Defaced Terracotta Warrior to be Repaired

Terracotta Warriors
Terracotta Warriors (photo: Pixabay)
By Mei ManuelFebruary 21st, 2018

The Shaanxi Cultural Heritage Promotion Center will be sending conservationists in the United States to assist in the repairing of the defaced Terracotta Warrior that had its thumb stolen by one of the visitors in the museum in Philadelphia.

On Sunday, the cultural heritage department said that the US departments involved in the protection of relics in the country and that the parties involved will be held legally accountable.

The department also shared that after organizing 260 overseas exhibitions in 40 years, this is the first time they have encountered a situation like what has occurred last week.

The Terracotta Warrior in question, which dates back 209 BC, is just one of the 10 Terracotta Warrior statutes currently on display at the Franklin Institute in Pennsylvania.
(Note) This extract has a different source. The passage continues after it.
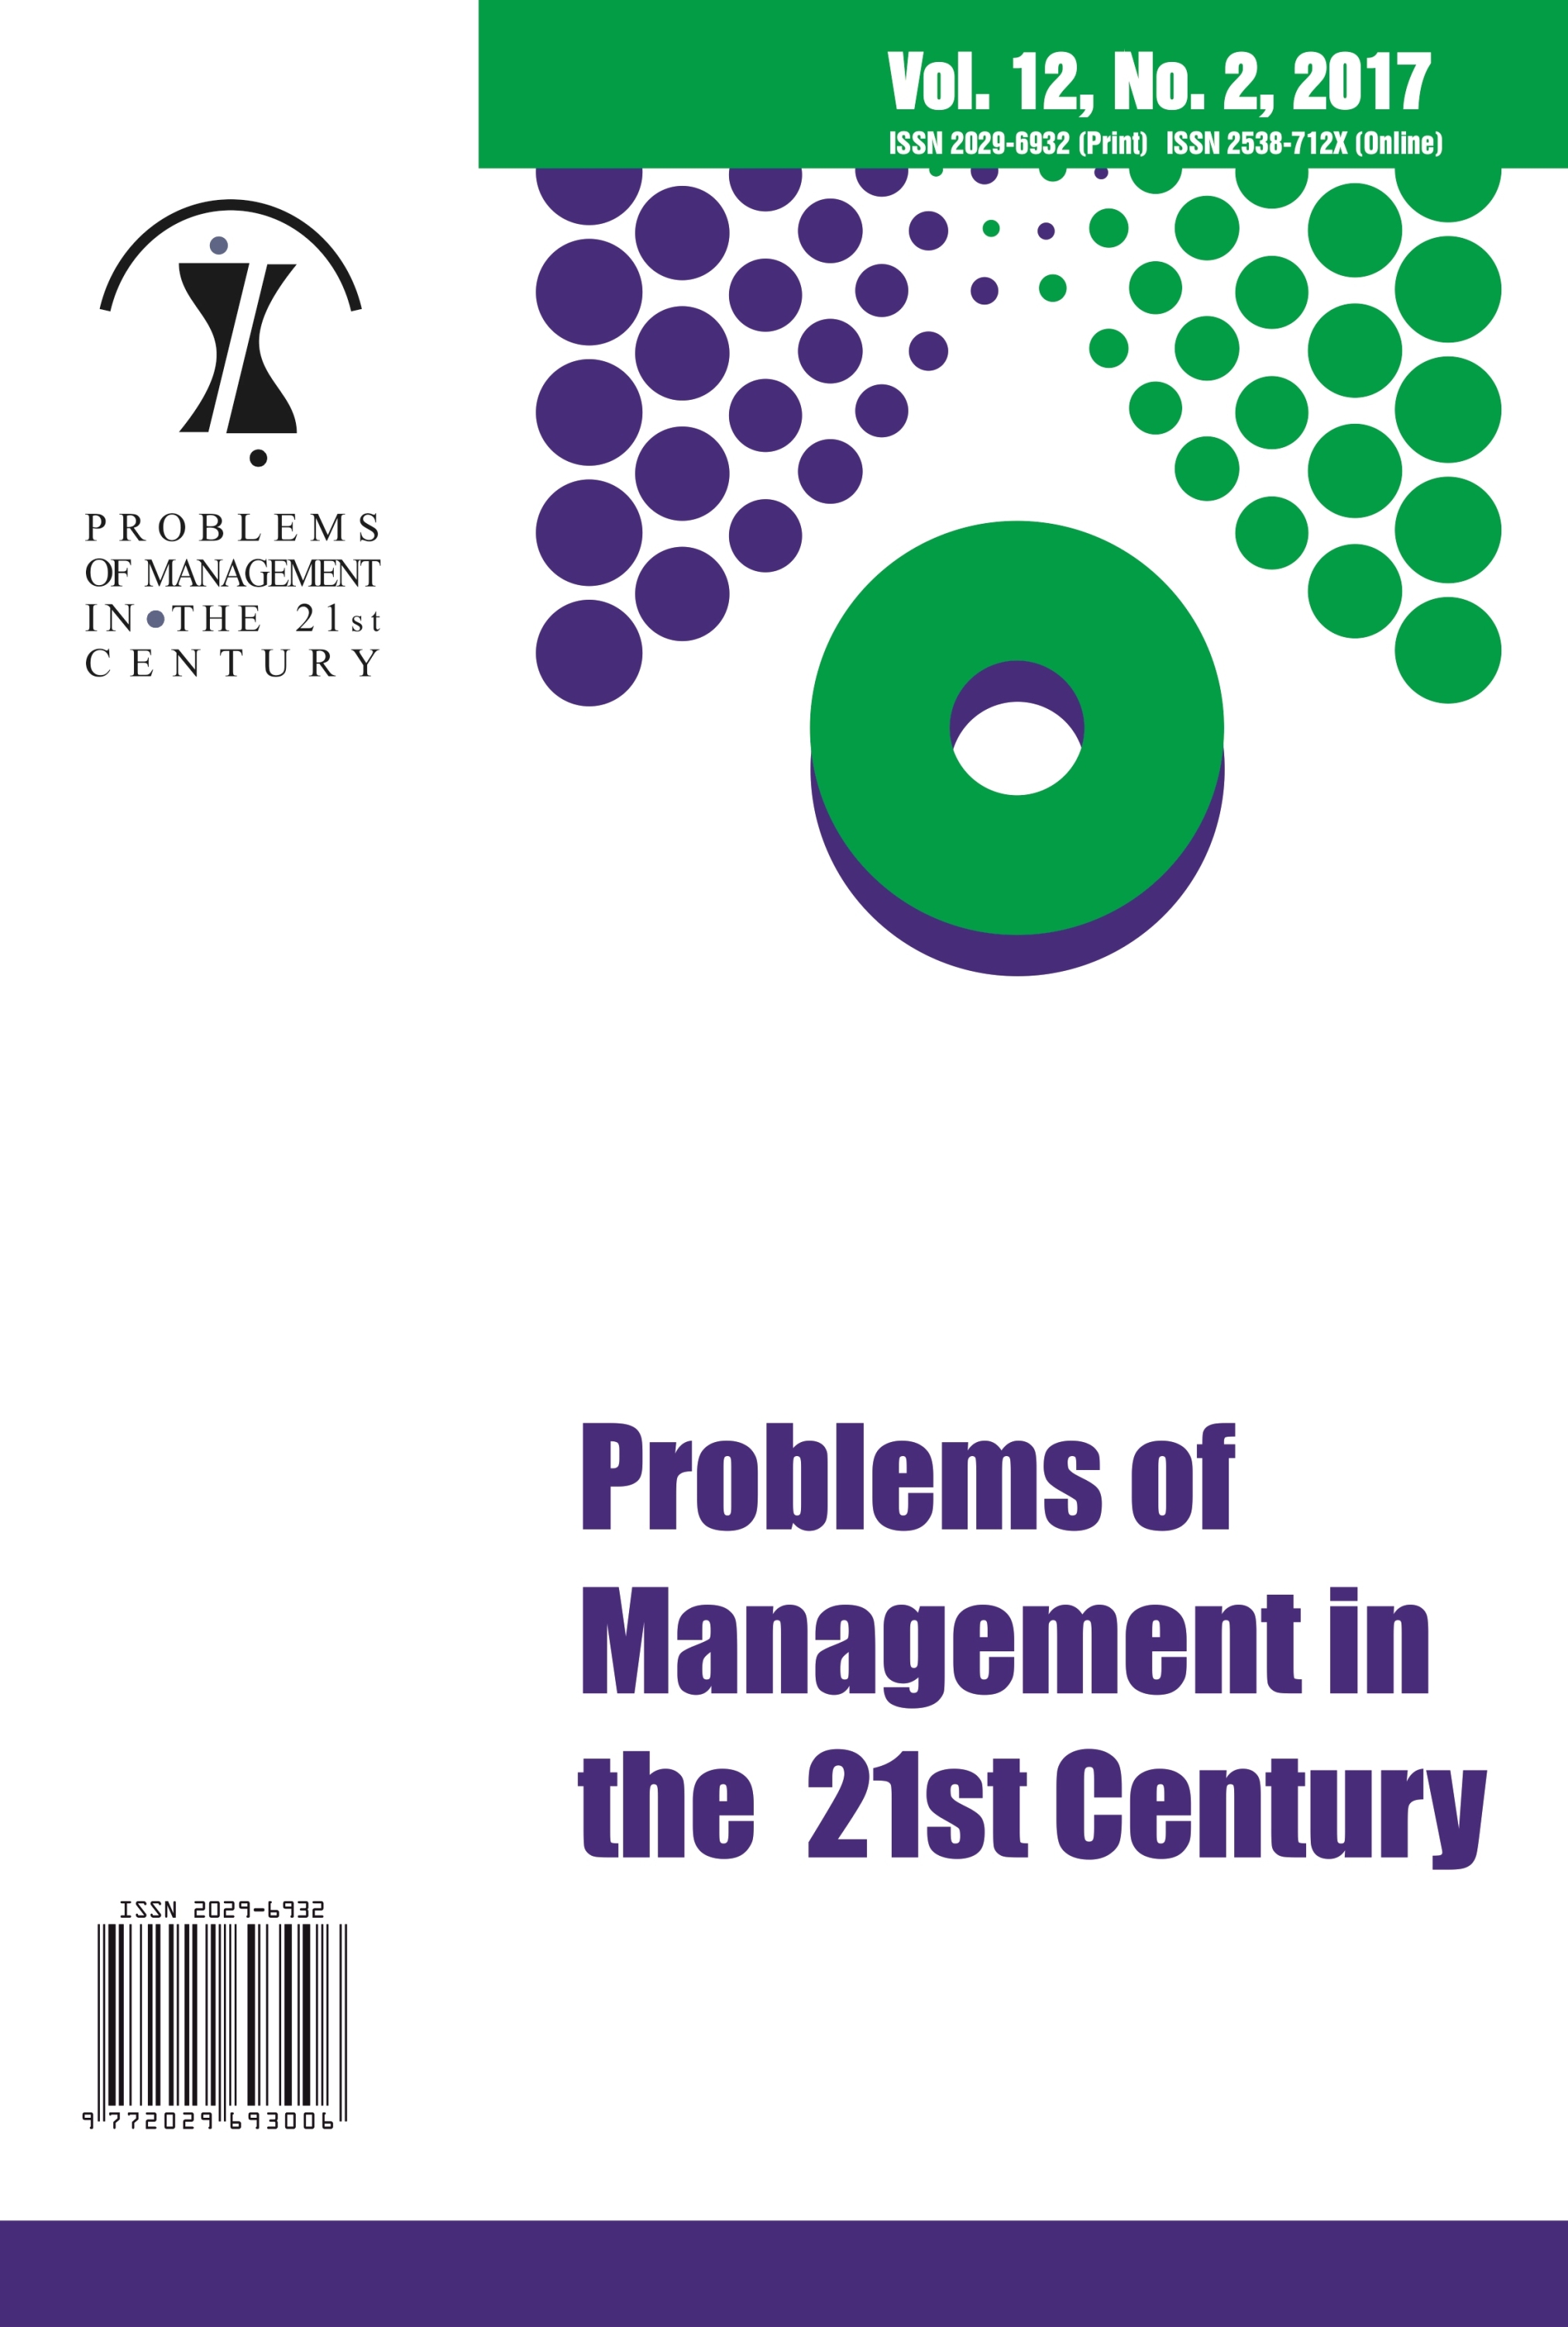 THE EVOLUTION OF RISK MANAGEMENT RESEARCH: CHANGES IN KNOWLEDGE MAPS Cover Image

The exhibit will run until March 4th.

According to Wang Dongfeng, one of the cultural relics repair expert of Shaanxi's Emperor Qinshinhuang's Mausoleum Site Museum, the repairs on the defaced Terracotta Warrior may take at least three to five months to do because it is quite complicated.

This is not the first time theft of old Chinese cultural relics was recorded as there were similar cases in the 1980s and in the 1990s. However, considering the improvement of modern technology, stealing these artifacts are now difficult to do.

Back to the case, US officials arrested 24-year-old Michael Rohana, who was involved with the theft and was released on a $15,000 bail. His passport was surrendered and he is to undergo drug testing and not leave the country until the trials.

The missing thumb of the Terracotta Warrior was noticed on January 8 and the FBI found Rohana days a few days later.